**Task**
Only the lines from the one that includes "Irritrol Rd1200 Sprinkler" through the last line below belong in the reply, copied exactly and without pictures.

**Collected material**
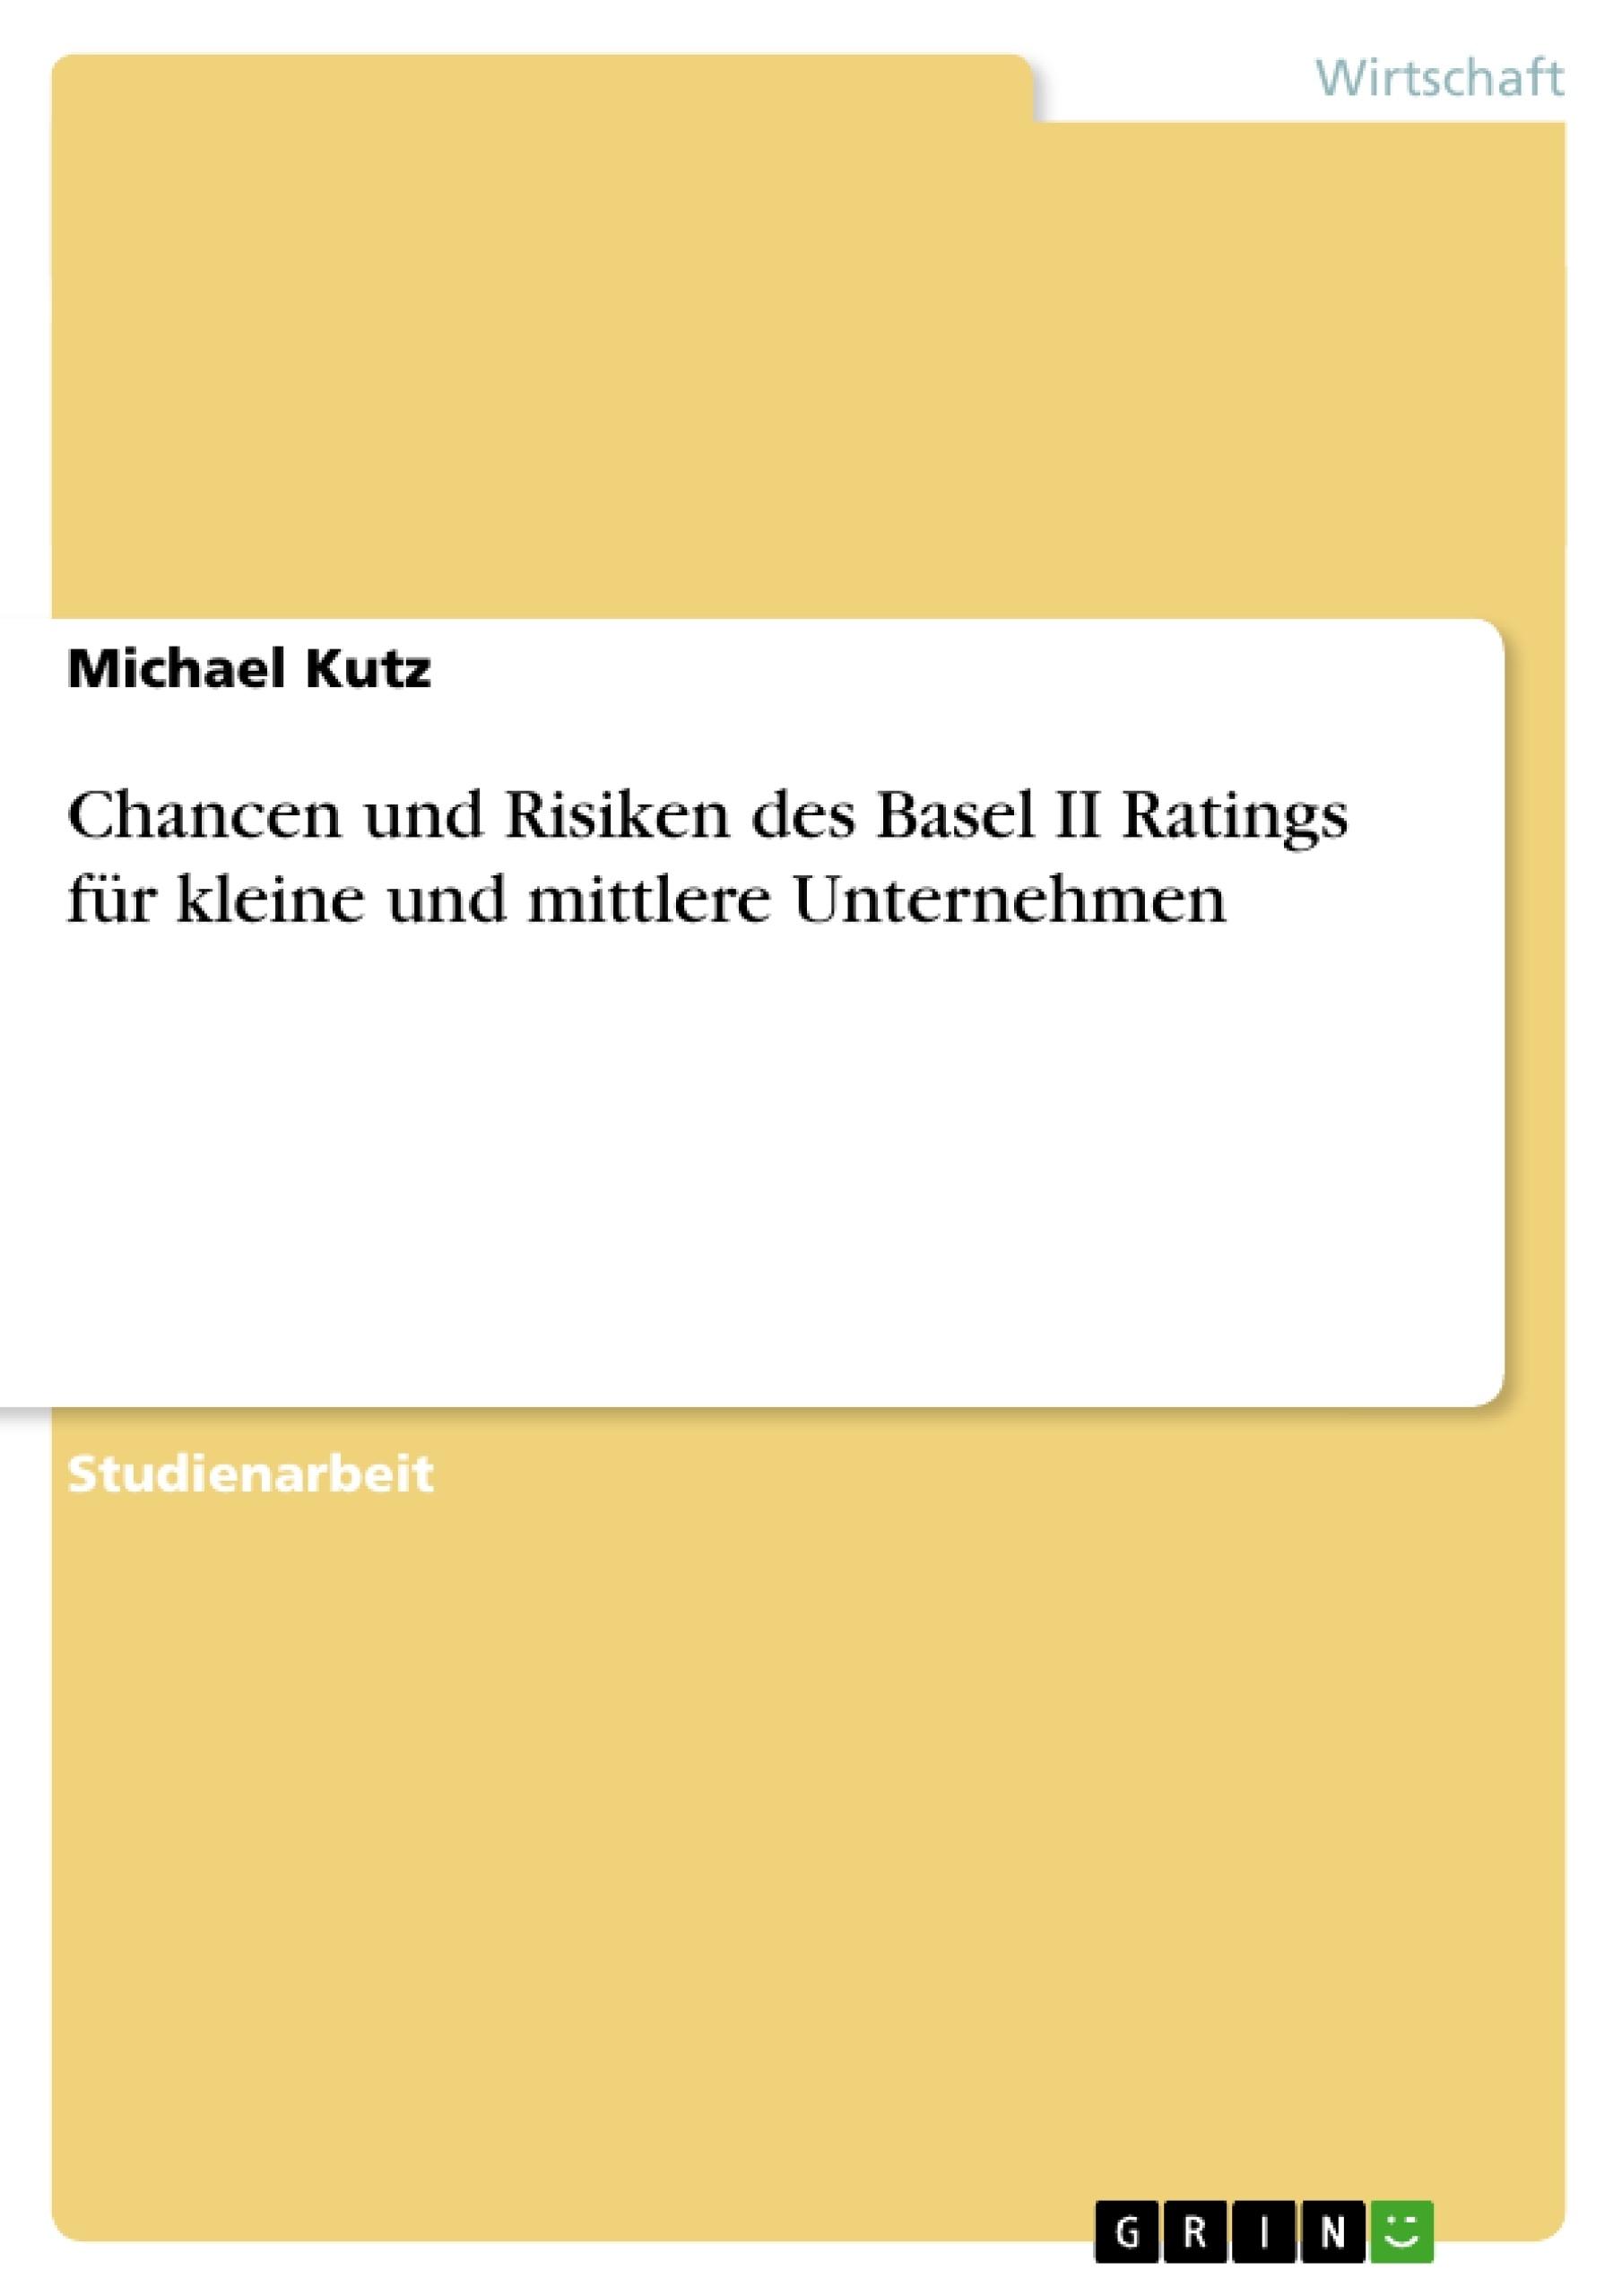 Titel: Chancen und Risiken des Basel II Ratings für kleine und mittlere Unternehmen
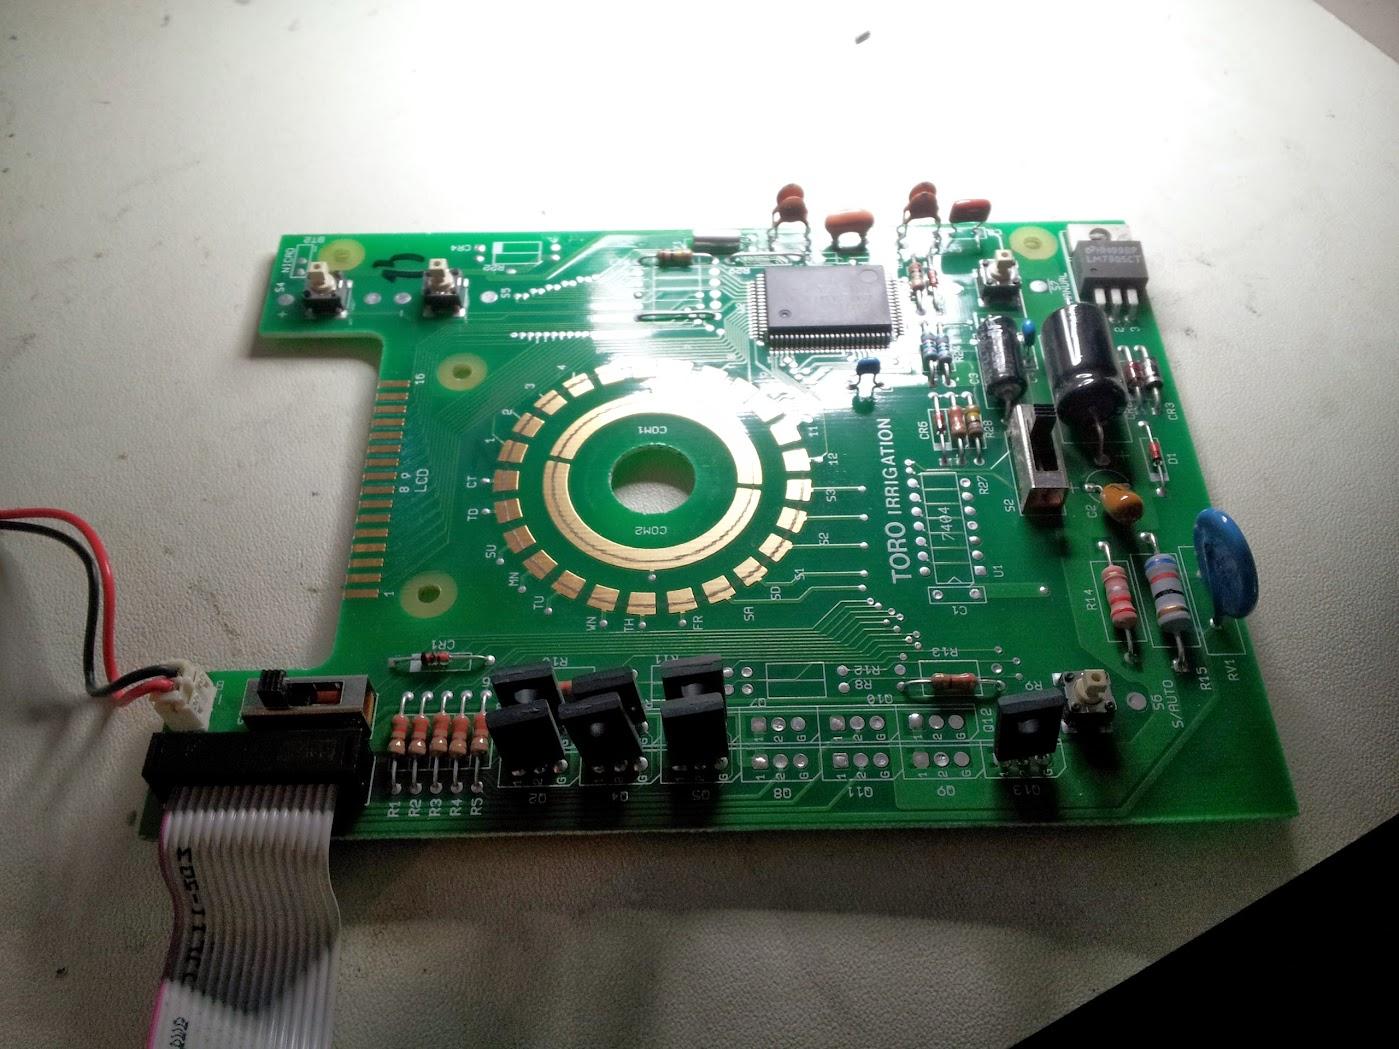 Irritrol Rd1200 Sprinkler Controller Repair Dr Terrible
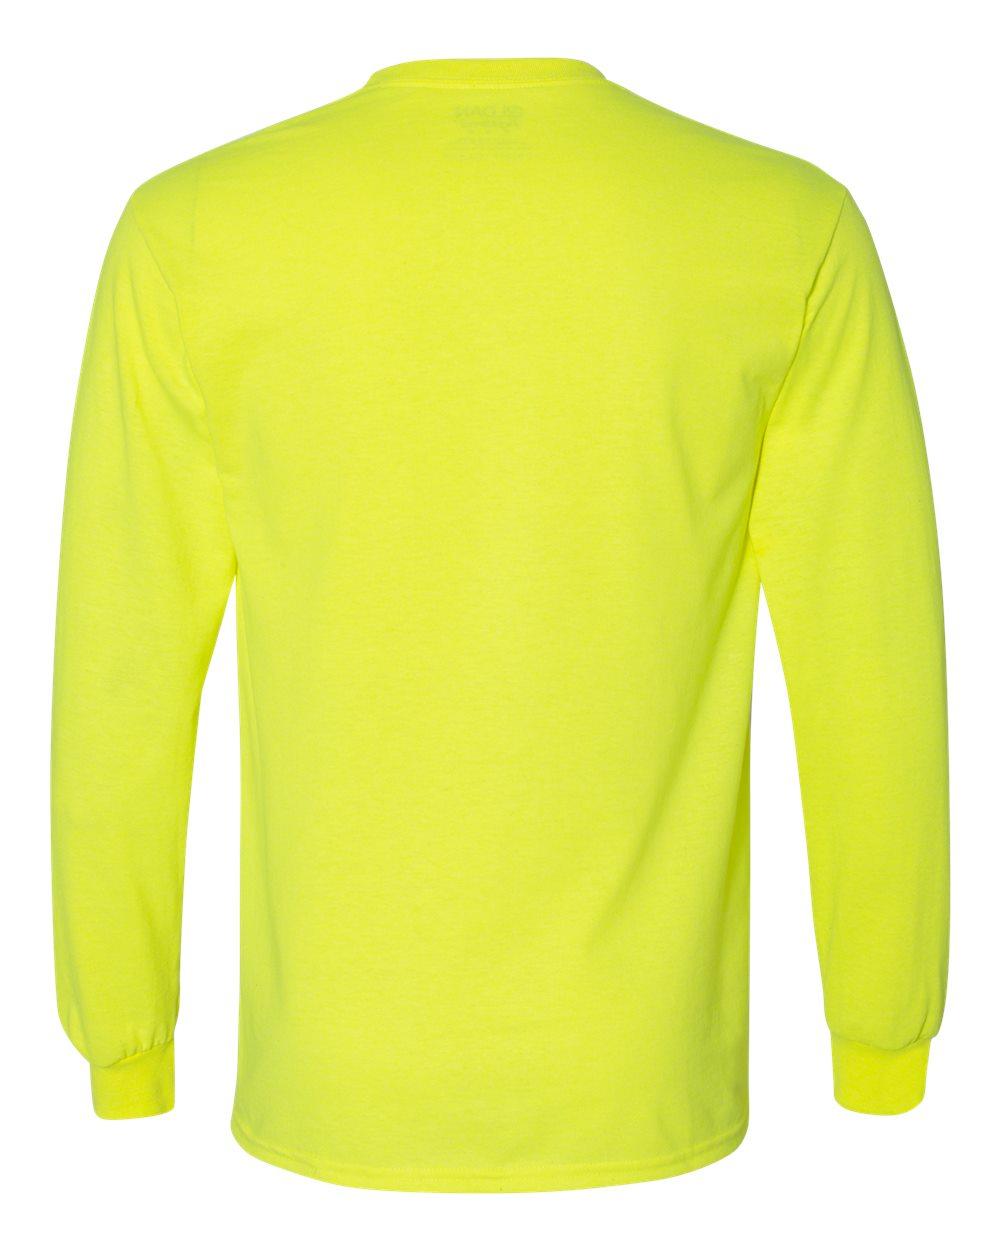 Gildan-Mens-Blank-DryBlend-50-50-Cotton-Long-Sleeve-T-Shirt-8400-up-to-3XL miniature 40

**Result for this exercise**
 Irritrol Rd1200 Sprinkler Controller Repair Dr Terrible
 Gildan-Mens-Blank-DryBlend-50-50-Cotton-Long-Sleeve-T-Shirt-8400-up-to-3XL miniature 40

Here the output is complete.